仙腸関節とは−Ⅱ:骨盤の歪(ゆが)み?
当院では≪“骨盤の歪(ゆが)み”とは、“骨盤の奥に隠れて2つある仙腸(せんちょう)関節というわずか5〜6㎝ほどの長さしかない関節で2つの骨が正しい位置関係ではなくずれた状態となっていること”≫であると考えております。
また、通常は広い意味で≪仙腸関節の10数種の異なるタイプの動きのなめらかさが足らないこと(←動作の円滑性の欠如)とその動く範囲がせまくなっていること(←可動域の縮小)≫の2つの問題もふくめ、骨盤の歪みという表現を用いているのです。
火水流整体術院のホームページ(=サイト)の多くの記事の中やFacebookの火水流整体術院ページ、そしてアメブロ(アメーバブログ)の火水流整体術院のブログでも、この広い意味で骨盤の歪(ゆが)みと申しあげております。
仙腸関節の動きになめらかさが足らなくなったり、その動く範囲がせまくなると腰痛やお尻の上の方の痛みである骨盤痛(こつばんつう)、脚(あし)の付け根の関節である股関節(こかんせつ)など、近くにある関節ほど大きい影響を受けてしまうのです。
色々な説がありますが、当院では、≪仙腸関節は体の真ん中にあり物理的に様々な方向からの力が集中する骨盤の中にある唯一の動く関節であるため、多くの方向へと動くことでその受けた大きな力を軽くするというかやわらげてくれるショックアブソーバーやダンパーの役目を果たしてくれている重要な装置である≫と理解しております。

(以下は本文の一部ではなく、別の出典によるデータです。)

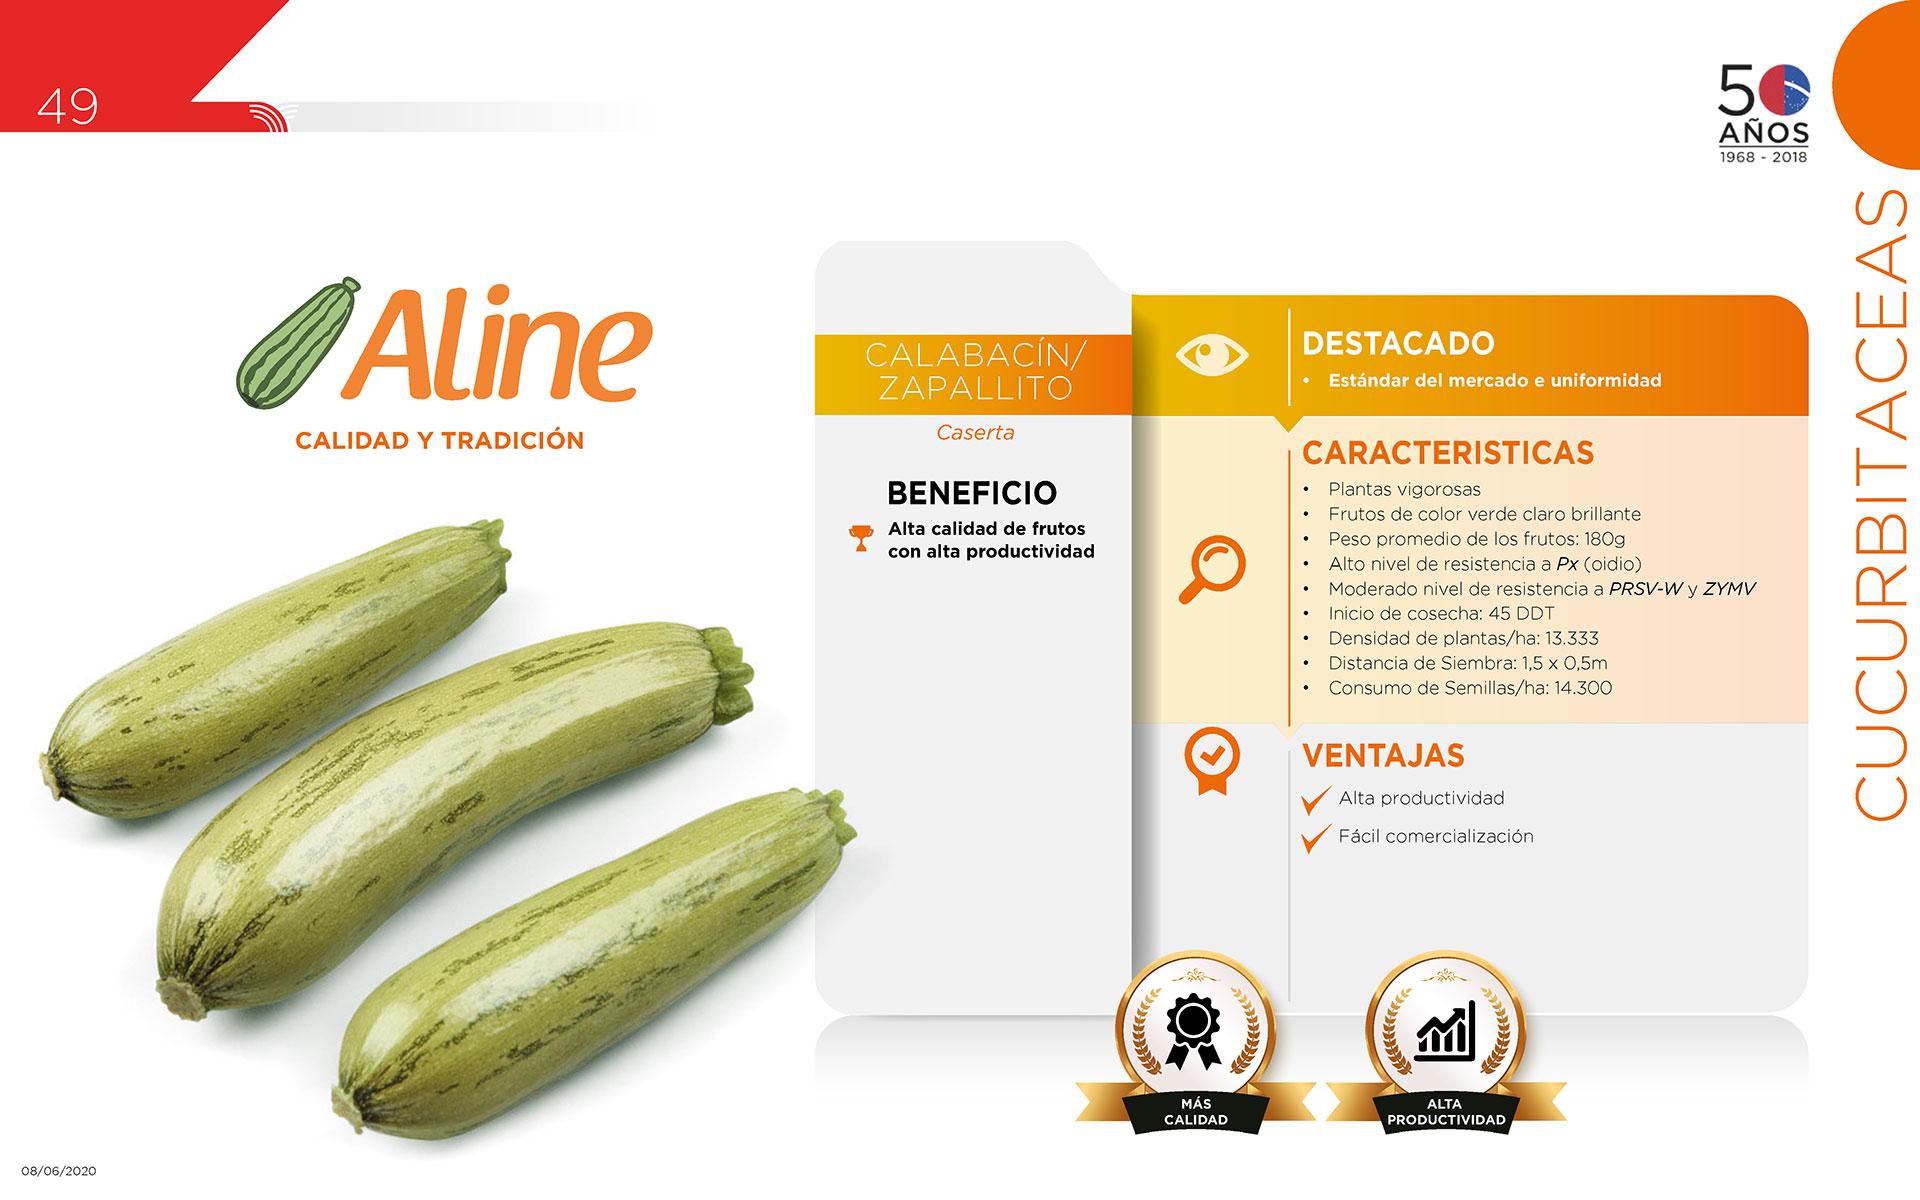 Aline - Cucurbitaceas

ちなみに、お客さまへは、衝撃吸収受け流し装置(!?)という当院の造語でご説明申しあげるとご理解いただけやすいようです。
写真を見る限りではあまり動きそうもない感じがしますし、動く方向だってそんなにあちらこちらとたくさんあるとは思えないというのが正直な印象ではないでしょうか?
動きのなかで一番連想しやすいのは、仙腸関節の外側の骨である寛骨(かんこつ)ですが、これは歩くたびに動きます。
足を前に踏み出すと後ろ方向に回るし、そのとき反対側の足が後ろに行くのですが、そのときの寛骨は前に回っている。
当院ではつかわない表現ですが、骨盤が開くという言葉を聞いたことがある方がいらっしゃるかもしれません。
女性のO脚(おーきゃく)や下半身太りのひとつの原因であるとも言われているものですが、これはどうやらこの関節の後ろ側が開いている状態のようです。
実は、後ろ側全体が開く以外にも、後ろ側の上の部分だけが開いたり、下の部分だけ開いたりということもあるし、上の部分が後ろと前とどうじに開くことも、下の部分だけがということも。
まん中の短いエンピツ型の仙骨(せんこつ)は、前に傾いたり、後ろに傾いたりするのですが、そのたびに仙腸関節は異なる方向へと動くのです。
両側の仙腸関節がどうじにおなじ方向へと動かなければならないのに片側の動きが小さくなってしまったり、それぞれが逆の方向へと動かなければならないのに片側だけが動きにくいなどの動きの状態と動く長さのアンバランスが出るケースもある。
いくつかの基本の動きが組み合わされた複雑な動きが引き起こされる下半身や上半身の動きもありますが、仙腸関節が複雑な動きをすることで骨盤へと集中しすぎる強い力を弱めてくれているありがたい関節だと考えられるのではないでしょうか?